In this lesson we will:
- Introduce the concept of stream processing;
- Introduce stream processing frameworks such as Apache Flink and Kafka Streams.
Stream processing is the method by which we analyze, manipulate and respond to streaming data as it is received. Common examples of things businesses need to achieve with stream processing include:
- Calculating real time analytics e.g. the total value of orders in the last hour;
- Identifying situations e.g. a potentially fraudulent transaction;
- Manipulating data - e.g. cleaning data to meet organisational standards;
- Providing a real time customer experience - e.g. informing the user of wait times in a queue;
- Filtering data - e.g. to focus only on the subset of data of interest.
By processing data in real time and building experiences such as the above, in this way, organizations are empowered to react quickly to changing conditions and respond to events as they occur.

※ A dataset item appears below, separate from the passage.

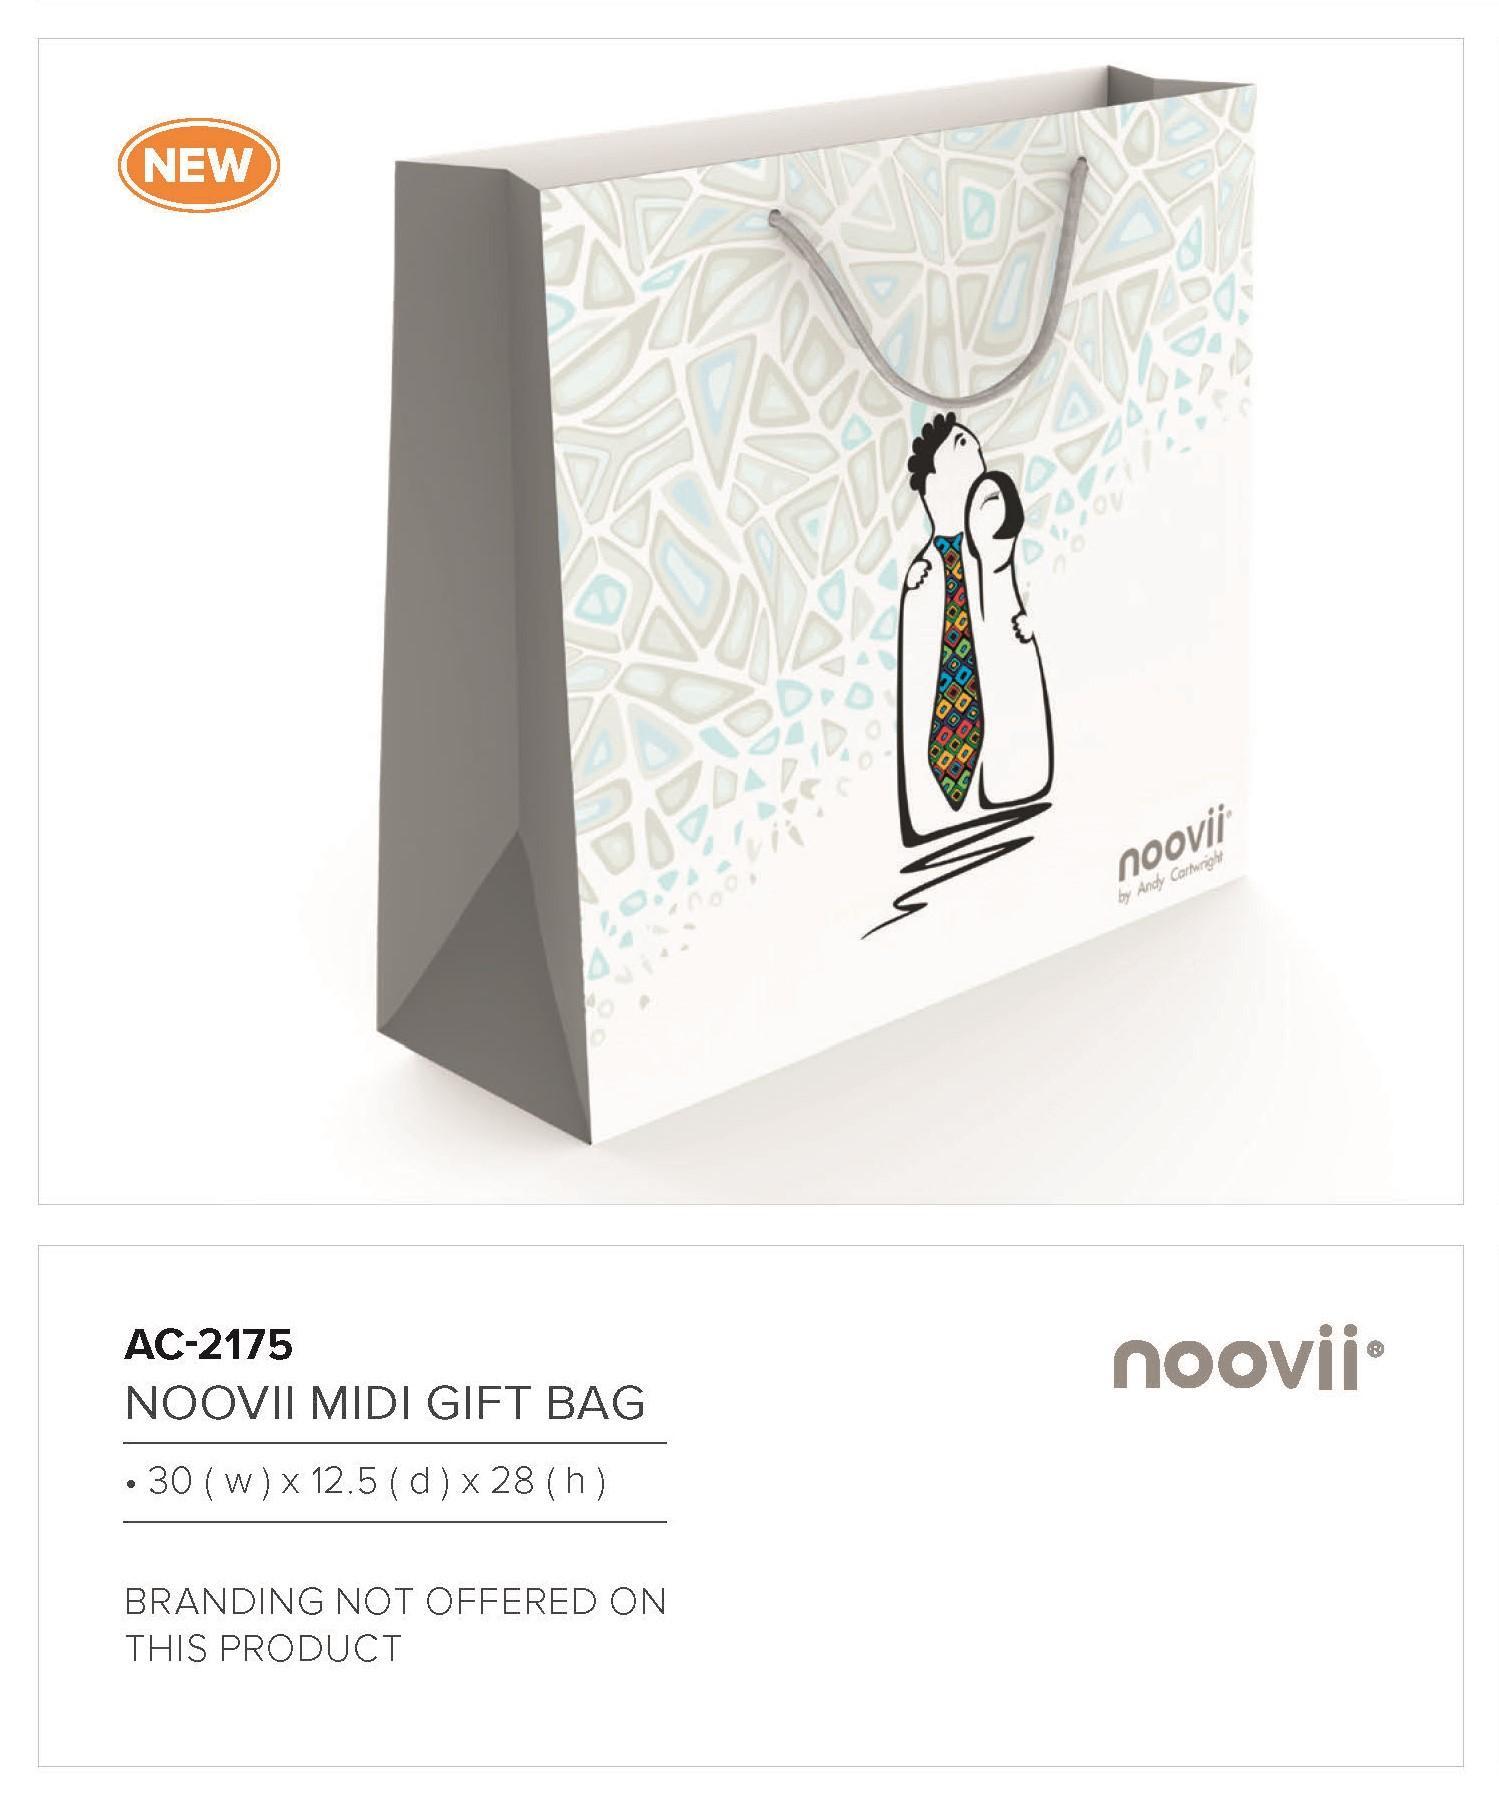 Andy Cartwright Noovii Maxi Giftbag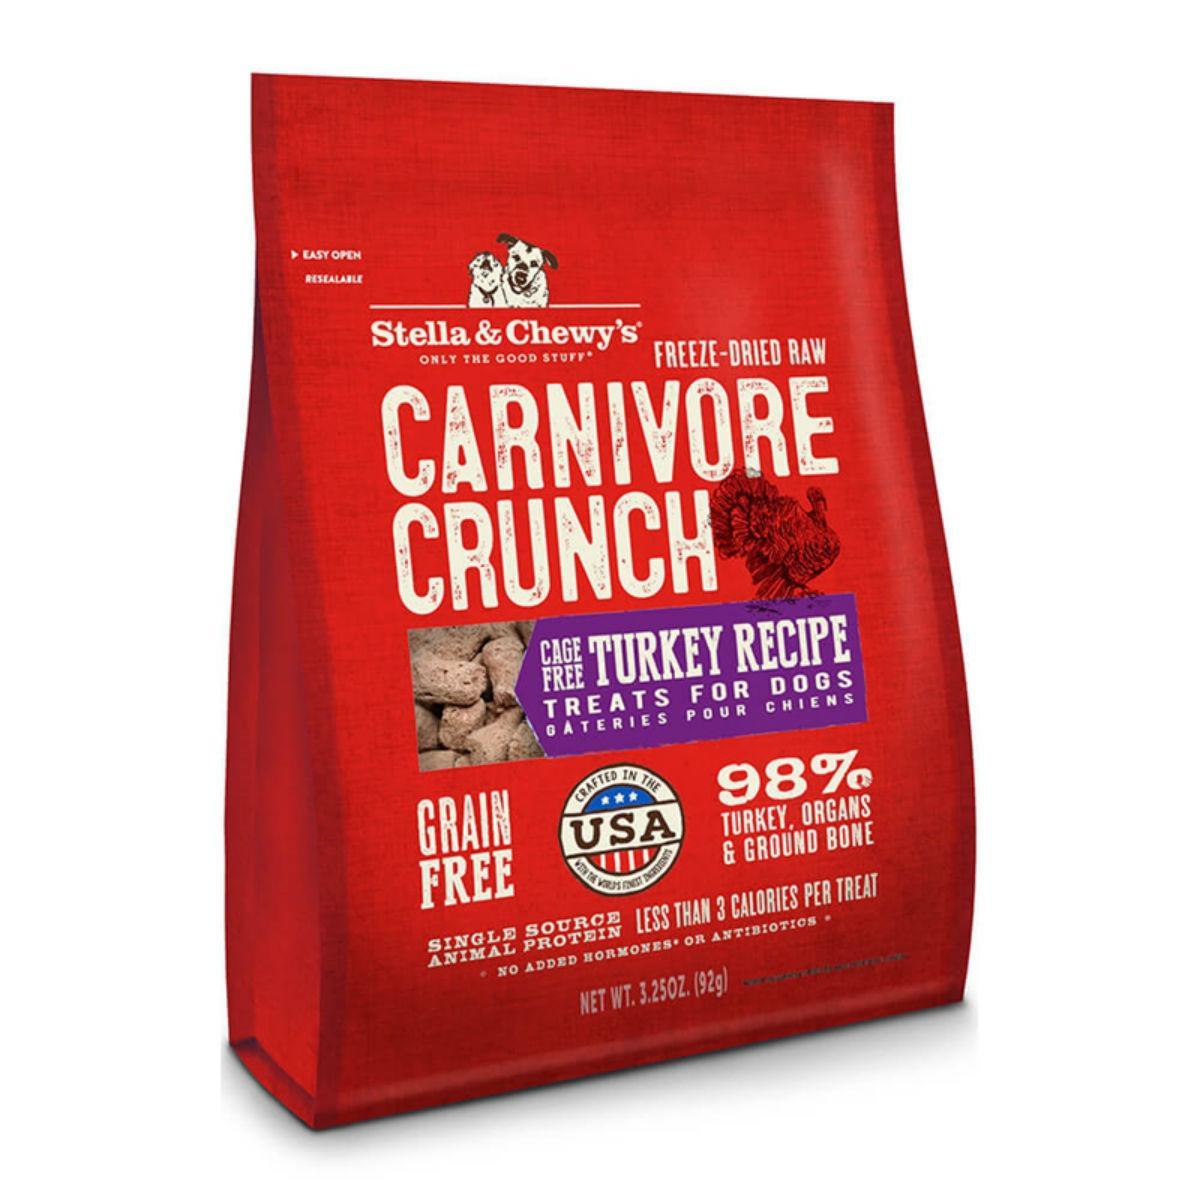 Stella & Chewy's Carnivore Crunch Dog Treats - Turkey

Processing real time streams of data is complex. Not only do we have data volume and latency challenges, we also need to ensure correctness and reliability even in the case of failing hardware or crashing processes.
Rather than coding this logic from scratch, a number of Stream Processing frameworks have been developed which allow developers to work at a higher level of abstraction and leave lower level concerns to the framework. Popular choices include Apache Flink and Kafka Streams, though more are discussed in a subsequent lesson.